La directrice générale du CPE Gamin Gamine, à Terrebonne, s’inquiète vivement de l’inversion du pipeline 9B d’Enbridge, qui fera bientôt couler 300 000 barils par jour vers Montréal. Et pour cause. Cet oléoduc traverse directement la cour de l’établissement, qui accueille des enfants de moins de cinq ans.
« On ne sait pas ce qui va arriver. Il n’y a même pas de plan d’urgence. Qu’est-ce qui va arriver s’il y a une malchance ou un bris ? On ne sait pas, mais le danger est là », fait valoir au Devoir Josée Bourbonnière, au nom du CPE situé sur le boulevard de la Pinière, au sud de l’autoroute 640.
La directrice générale souligne ainsi qu’Enbridge n’a jamais pris contact avec l’établissement au cours du processus devant mener à l’inversion du flux dans le pipeline, construit en 1975. « Ils ne nous ont jamais contactés. Ça ne semble pas faire partie des préoccupations de cette entreprise. Pourtant, nous avons une clientèle vulnérable, soit des enfants de 0 à 5 ans. Nous sommes inquiets. »
Mme Bourbonnière juge d’ailleurs la situation pour le moins paradoxale. En effet, le CPE est tenu, en vertu de la législation québécoise, de se doter d’un plan d’évacuation en cas de situation d’urgence. Celui-ci doit d’ailleurs être approuvé par les services d’incendie. Mais à l’heure actuelle, ce plan n’a toujours pas été adapté pour tenir compte du passage prochain de 300 000 barils de brut à moins de 15 mètres de la porte d’entrée.

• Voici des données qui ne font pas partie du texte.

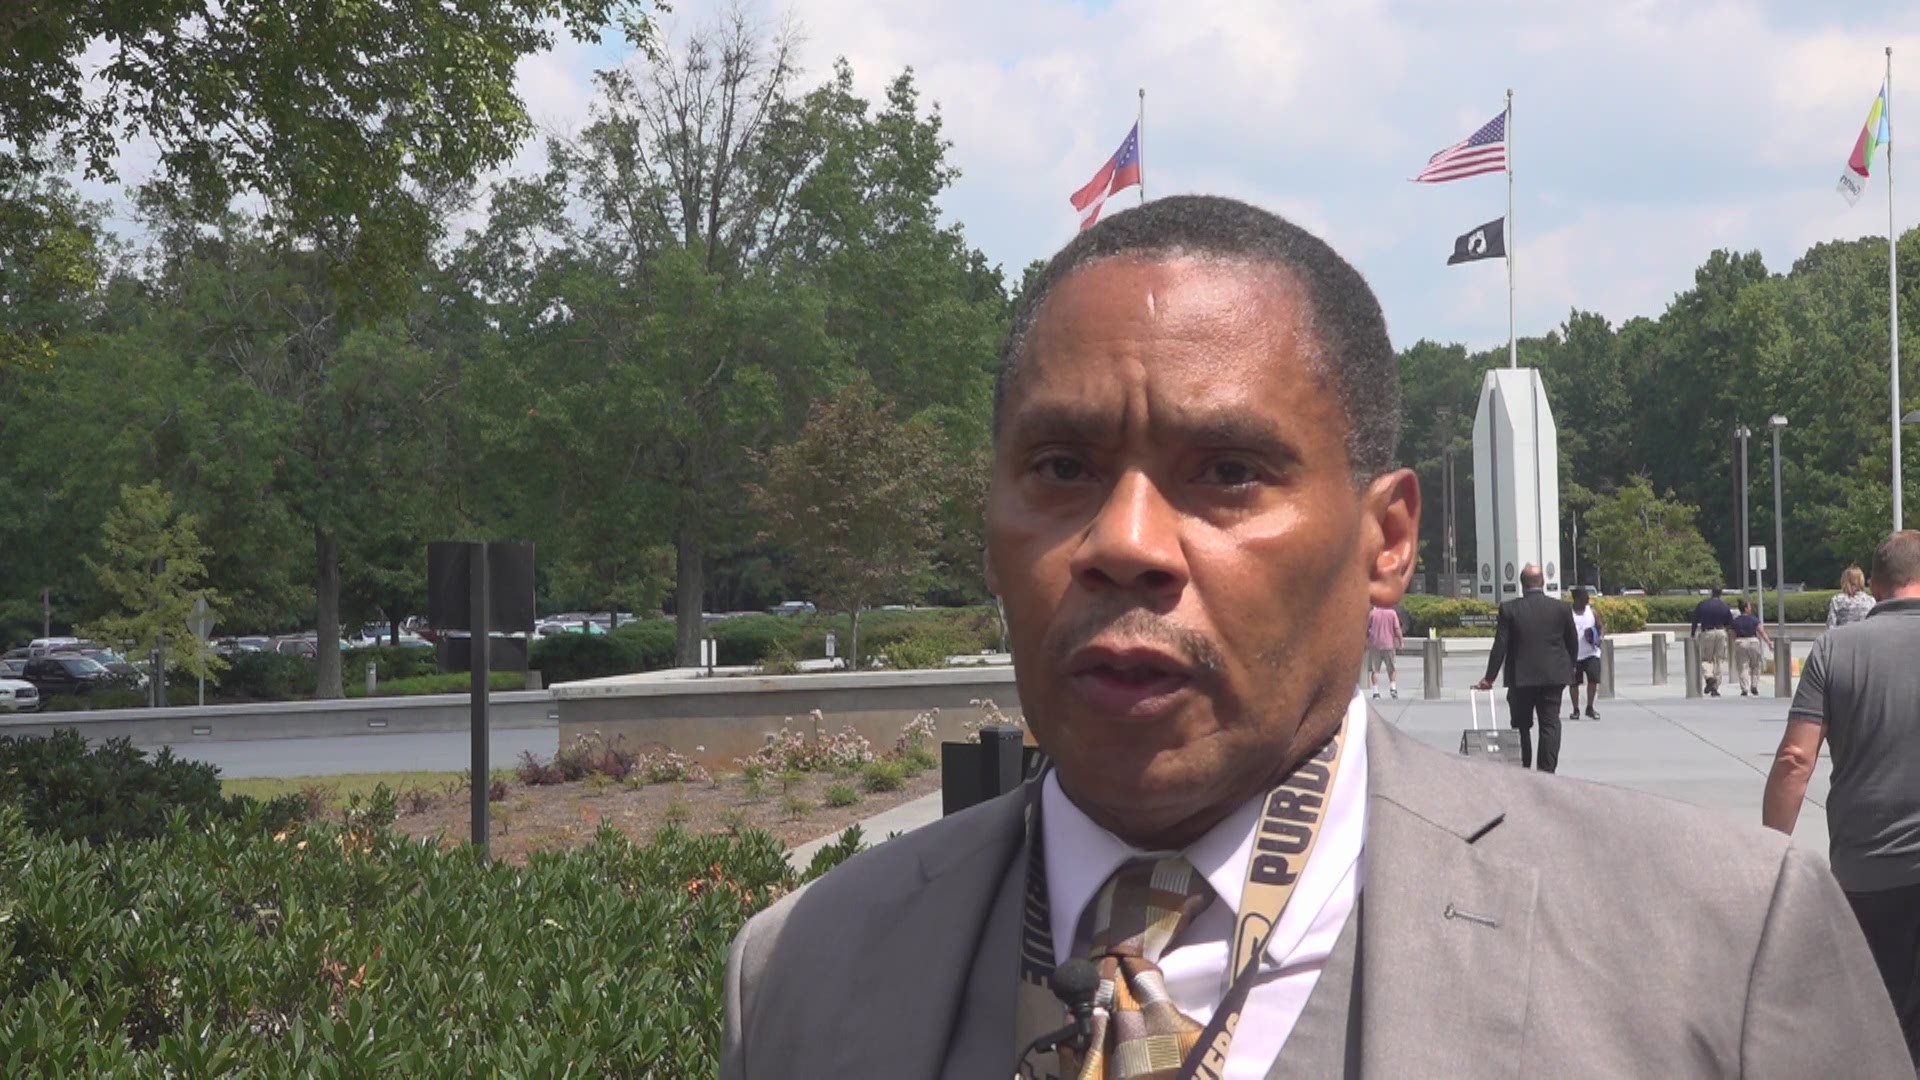 Officials in Gwinnett County describe what enforcement will look like in the county after the county's solicitor general decided not to prosecute cases of misdemeanor marijuana possession.

« Il serait important, pour notre établissement, mais aussi pour les commerces du secteur, de mettre en place un plan d’urgence, explique Mme Bourbonnière. Il ne faudrait pas se dire, après une catastrophe, qu’on aurait dû mettre quelque chose en place. » Un peu à l’ouest du CPE, toujours sur le boulevard de la Pinière, l’oléoduc passe notamment dans la cour du centre d’amusement L’Astuce. Cette entreprise propose notamment des forfaits pour des fêtes d’enfants ou de groupes scolaires.
Écoles inquiètes
La direction du CPE Gamin Gamine n’est pas la seule à manifester des inquiétudes en lien avec l’inversion du flux dans le pipeline 9B. La Commission scolaire de Laval (CSDL) a écrit au début du mois de février à l’Office national de l’énergie pour lui faire part de ses craintes. « Considérant les risques associés au transport de pétrole, nous avons de sérieuses craintes pour la sécurité de nos élèves et de notre personnel », écrit sa présidente, Louise Lortie.

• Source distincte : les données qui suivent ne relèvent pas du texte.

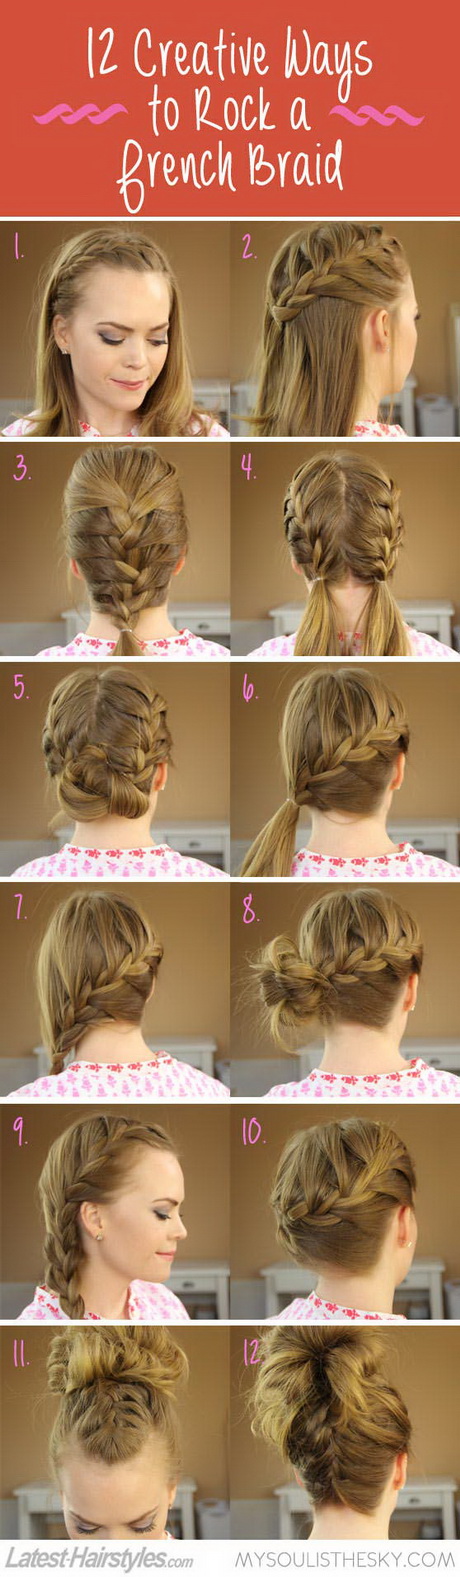 easy-french-braid-hairstyles-06_15 Easy french braid hairstyles

Le pipeline d’Enbridge traverse en effet des zones résidentielles densément peuplées de l’est de Laval. Chemin faisant, il passe à environ un kilomètre de l’école primaire Hébert, et à moins de 500 mètres des écoles Fleur-Soleil et L’Escale. Un total de 1450 élèves fréquentent ces écoles. Et à Terrebonne, l’oléoduc passe à une cinquantaine de mètres du terrain de l’école primaire Bernard-Corbin (675 élèves).

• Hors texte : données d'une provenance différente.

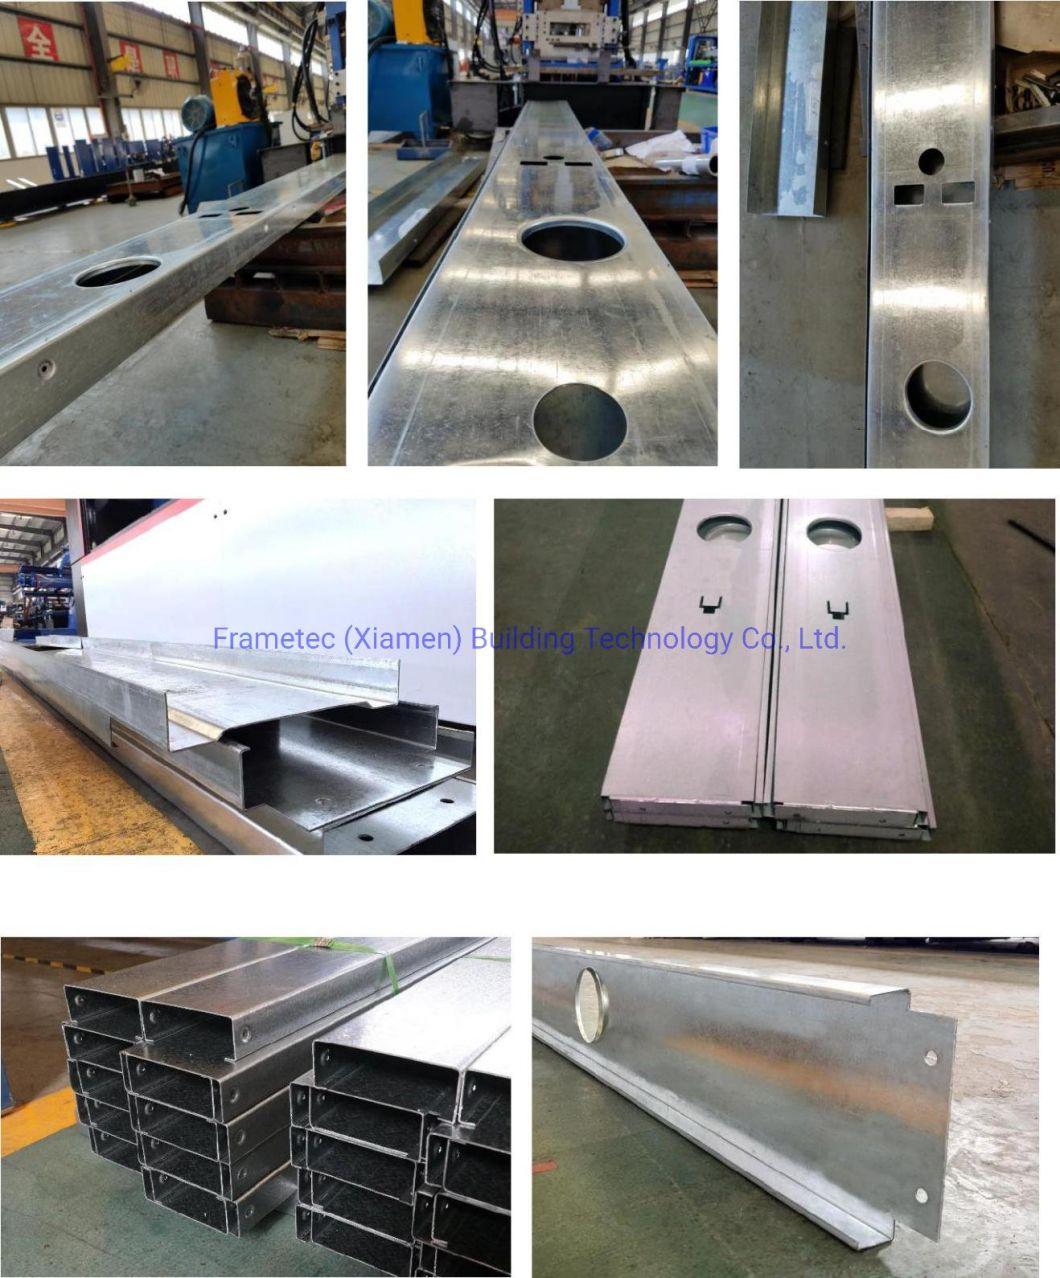 Automatic Galvanized Lgs Steel Stud and Track L Machine CNC for 1-6 Stories House Building Factory Price

Le Devoir a contacté l’Office national de l’énergie pour obtenir une réaction. « Nous ne trouvons pas la lettre du 5 février 2015 de Madame Louise Lortie, présidente de la Commission scolaire de Laval. Je ne peux donc pas faire d’autres commentaires sur ce point », a répondu une porte-parole de l’organisme fédéral chargé de réglementer les pipelines au Canada.
Enbridge a aussi reçu une copie de la lettre de la CSDL. Son porte-parole, Éric Prud’Homme, a souligné vendredi que l’entreprise entend y donner suite sous peu. « Si une école devait être évacuée, cela relèverait de la Ville, et non d’Enbridge, a-t-il en outre précisé par courriel. Par exemple, c’est aux autorités locales et non à une entreprise privée de délimiter un périmètre de sécurité ou de décider de l’évacuation de personnes. »
« Notre rôle, a-t-il ajouté, est de s’assurer qu’ils ont l’information et de les soutenir au moyen de nos ressources humaines, matérielles et financières. Enbridge réalise régulièrement des exercices avec les premiers répondants, et des exercices ont eu lieu à Laval dernièrement. »
Du côté de la Communauté métropolitaine de Montréal, on estime néanmoins qu’il reste des questions sans réponses, notamment concernant les plans d’urgence. Enbridge souligne toutefois que des rencontres avec les premiers intervenants des municipalités concernées doivent avoir lieu dans les prochaines semaines.
Selon les plans de la pétrolière, l’inversion du flux dans le pipeline 9B devrait devenir réalité d’ici au mois de juin. Enbridge fera du même coup passer la capacité quotidienne de transport de 240 000 à 300 000 barils. La ligne 9B transportera différents types de pétrole de l’Ouest.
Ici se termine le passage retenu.